What the exercise asks -> Line by line, return the listing exactly, without any of the images.

Collected data ->
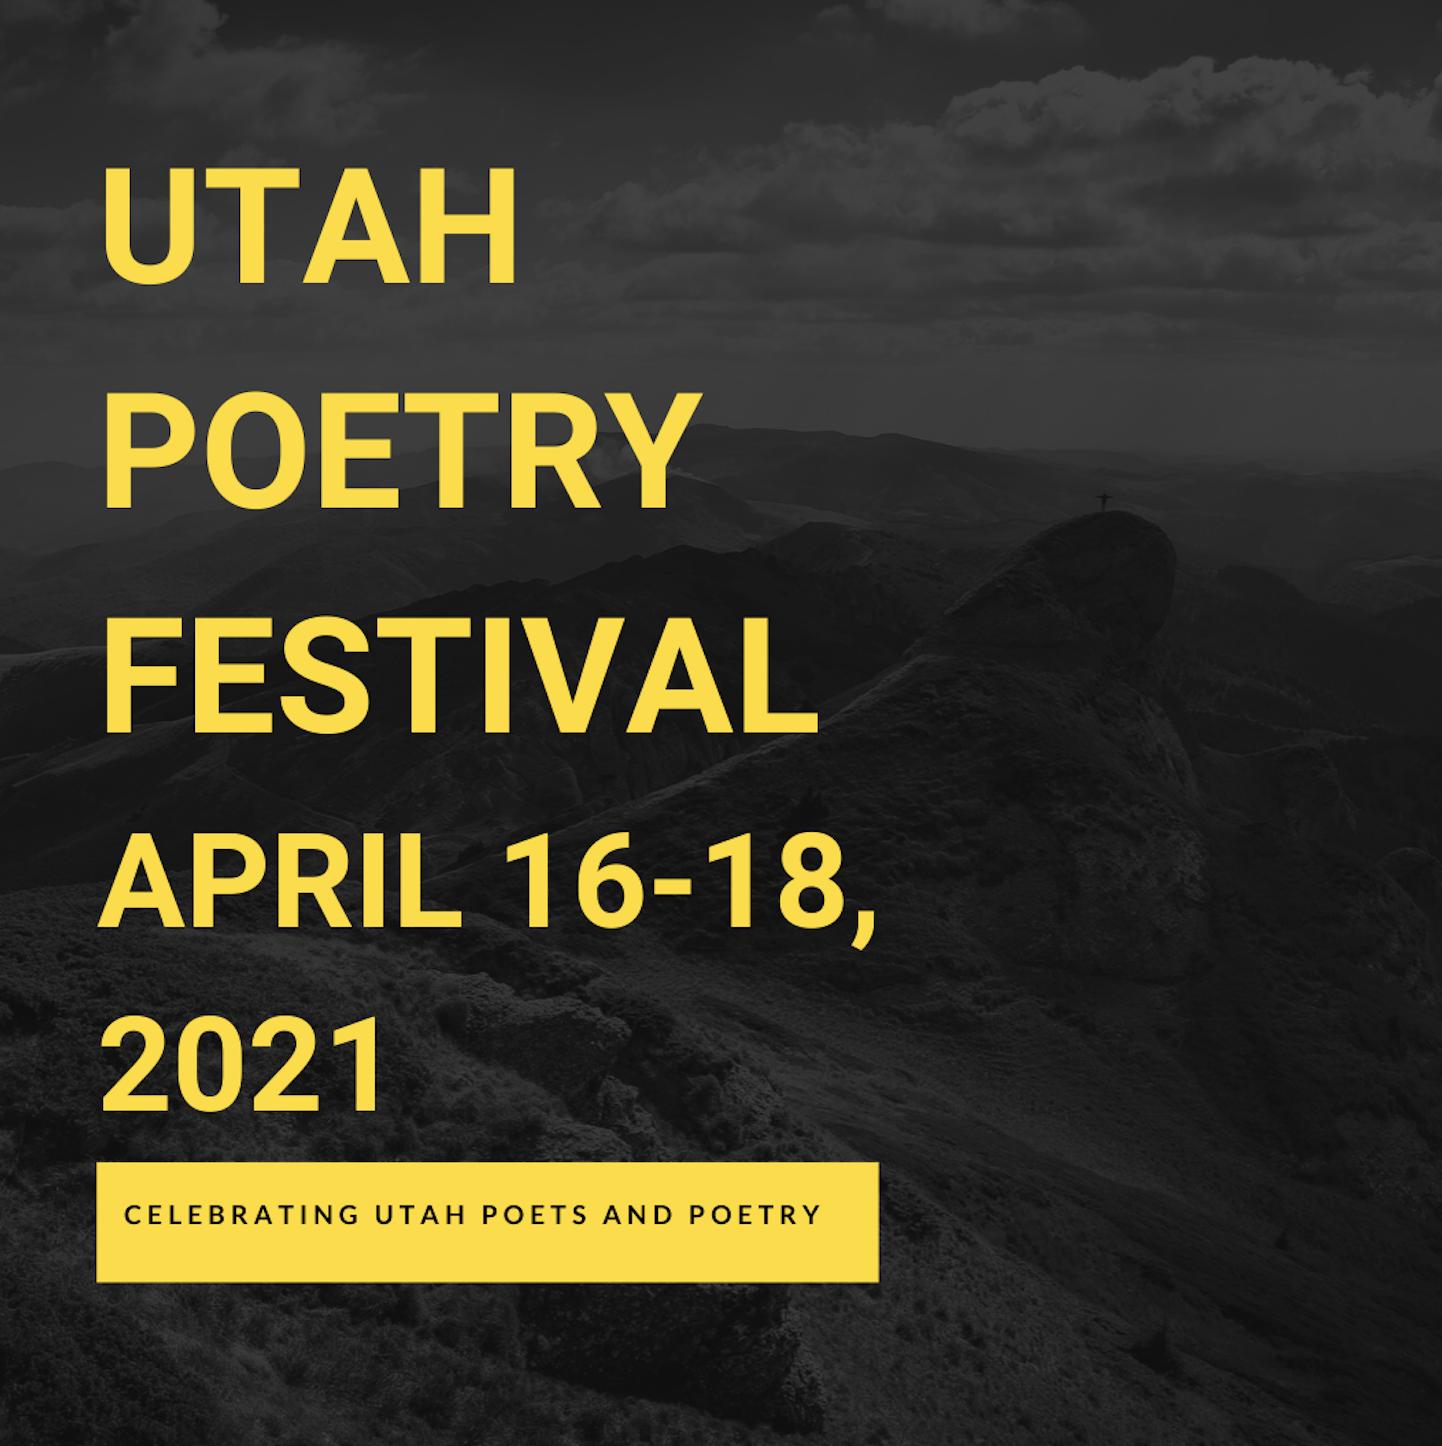 The Utah Poetry Festival
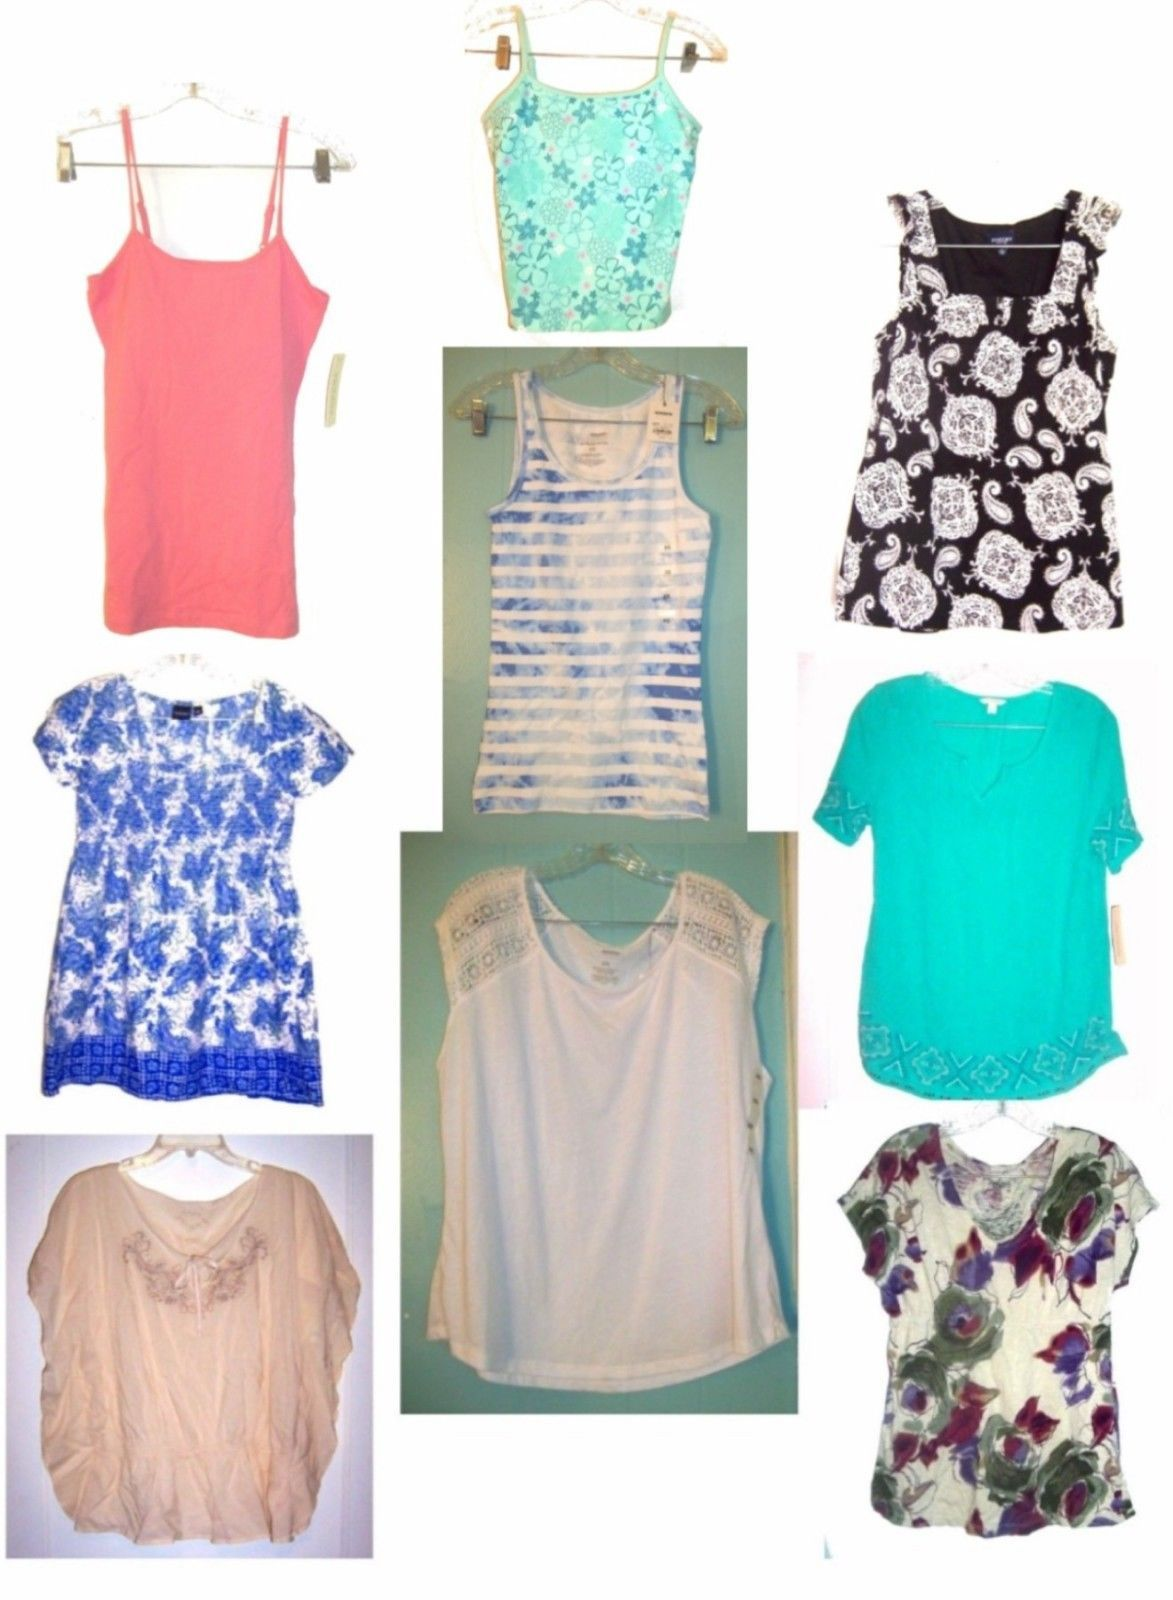 Size XS - 2X - Sonoma Sleeveless, Cap Sleeve & Short Sleeve Spring & Summer Tops - $21.37 - $29.92
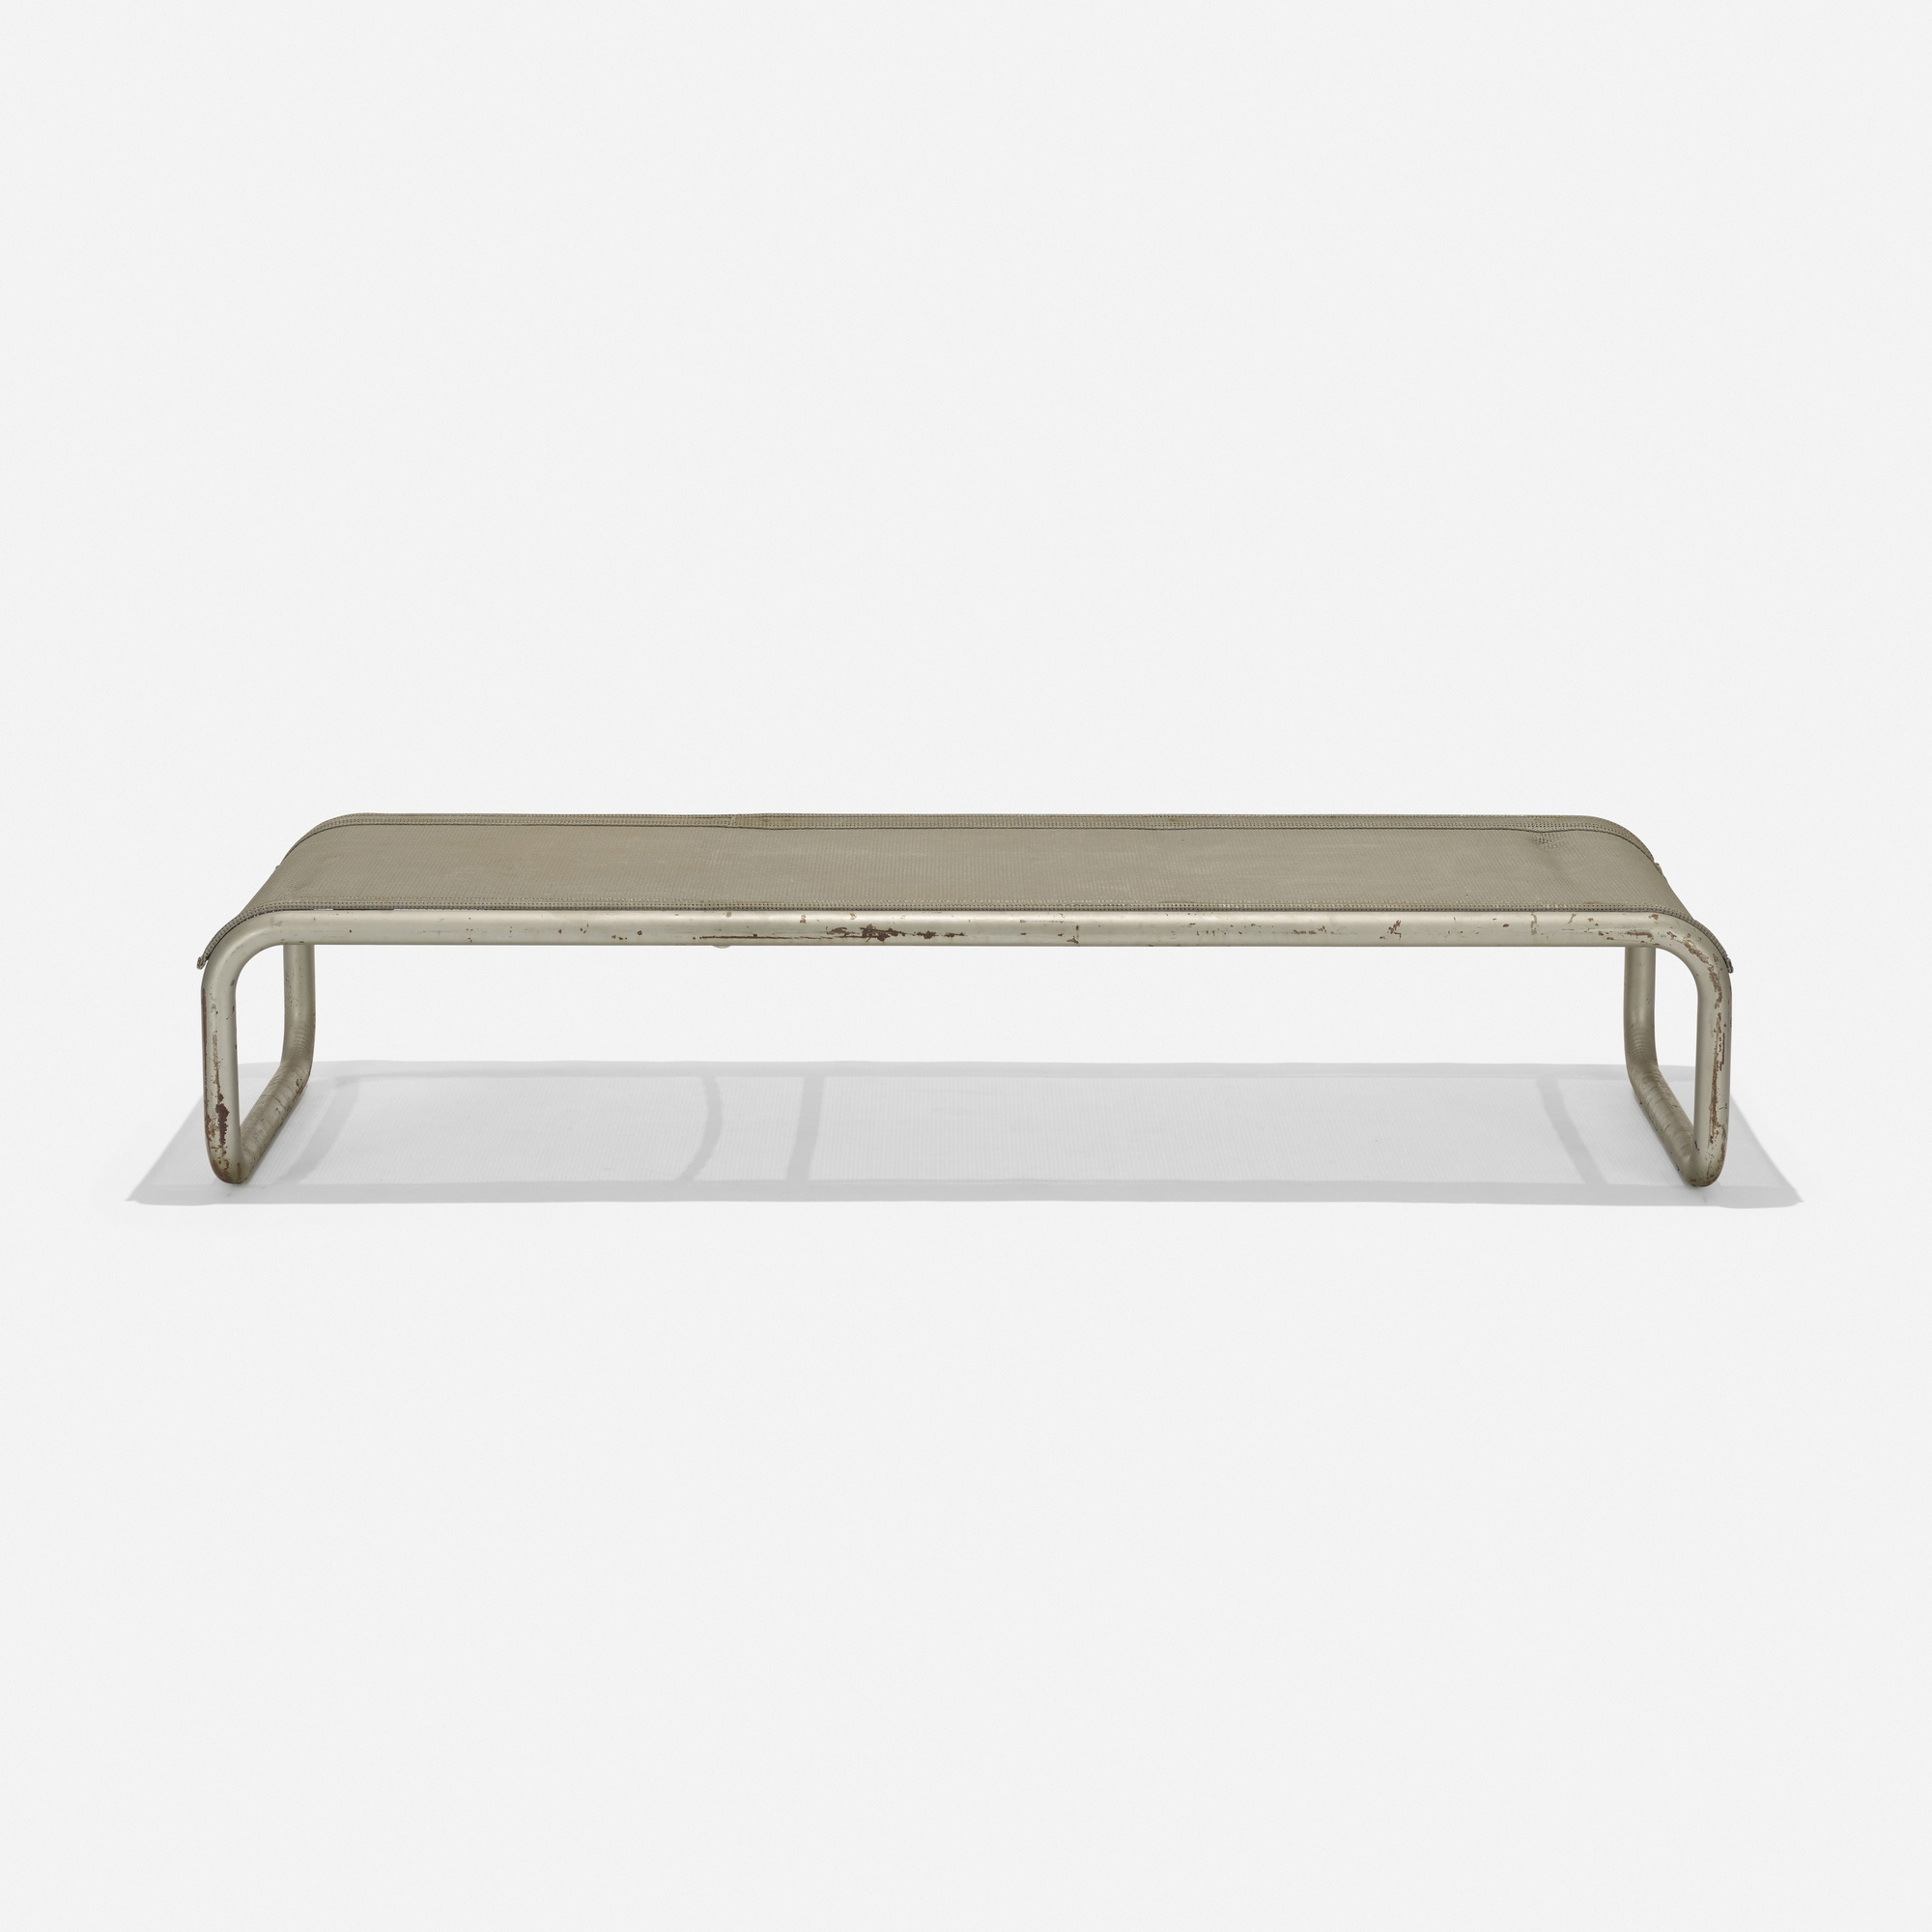 013c33d6a104 ... 135  Richard Schultz   Prototype adjustable chaise lounge (2 of 3)

Answer section ->
 The Utah Poetry Festival
 Size XS - 2X - Sonoma Sleeveless, Cap Sleeve & Short Sleeve Spring & Summer Tops - $21.37 - $29.92
 013c33d6a104 ... 135  Richard Schultz   Prototype adjustable chaise lounge (2 of 3)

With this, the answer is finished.